Now let’s view the effect on our X-rays!:

PYTHON

# specify path to source data
path = os.path.join("chest_xrays")
batch_size=5

# For visualization, we'll manually apply the transforms to a few images
import torch
from PIL import Image

def plot_images(images_arr):
    fig, axes = plt.subplots(1, 5, figsize=(20,20))
    axes = axes.flatten()
    for img, ax in zip(images_arr, axes):
        # Convert tensor back to numpy for plotting
        img_np = img.squeeze().numpy()
        ax.imshow(img_np, cmap='gray')
    plt.tight_layout()
    
sample_images = [Image.open(random.choice(effusion_list)).convert('L') for _ in range(batch_size)]
augmented_images = [datagen(torchvision.transforms.v2.functional.to_image(img)) for img in sample_images]
plot_images(augmented_images)
X-ray augmented
Challenge

Exercise

  1. How do the new augmentations affect the appearance of the X-rays?
    Can you still tell they are chest X-rays?
  1. The augmented images may appear rotated, zoomed, or flipped.
    While they might look distorted, they remain visually recognizable as chest X-rays. These augmentations help the model generalize better to real-world variability.
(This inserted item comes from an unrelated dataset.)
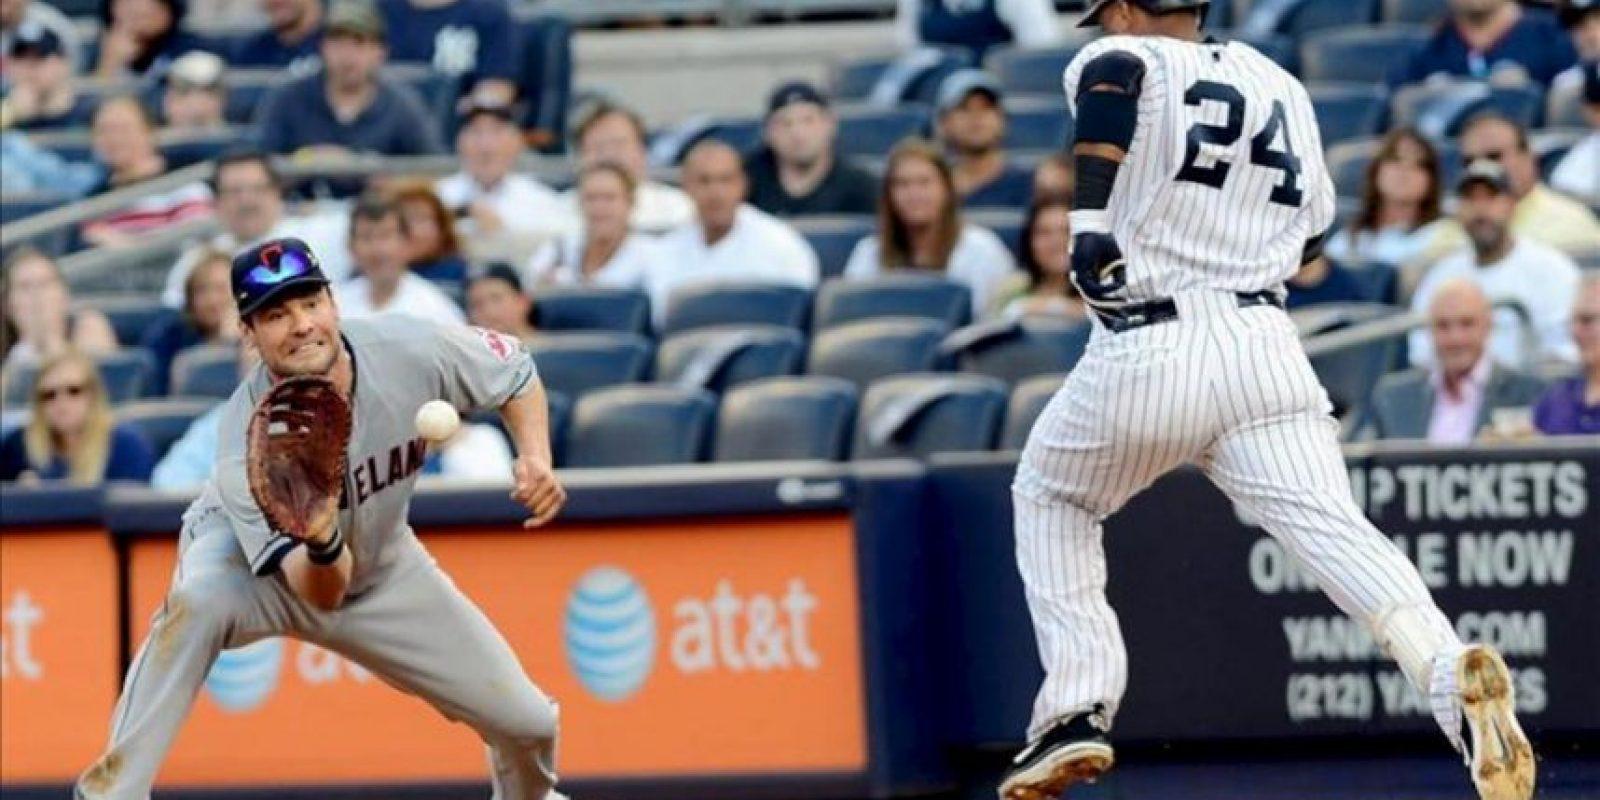 El jugador de Yanquis Robinson Cano (d) no alcanza la primera base ante Casey Kotchman de Indios este 26 de junio, en un partido en el estadio de los Yanquis en Nueva York (EEUU). EFE

In medical imaging, always consider clinical context. Some transformations, like left-right flipping, could lead to anatomically incorrect inputs if not handled carefully.

Now we have some data to work with, let’s start building our model.

Key Points
  • Data should be split into separate sets for training, validation, and testing to fairly evaluate model performance.
  • PyTorch expects input images in the shape (batch, channels, height, width).
  • Data augmentation increases the variety of training data by applying random transformations.
  • Augmented images help reduce overfitting and improve generalization to new data.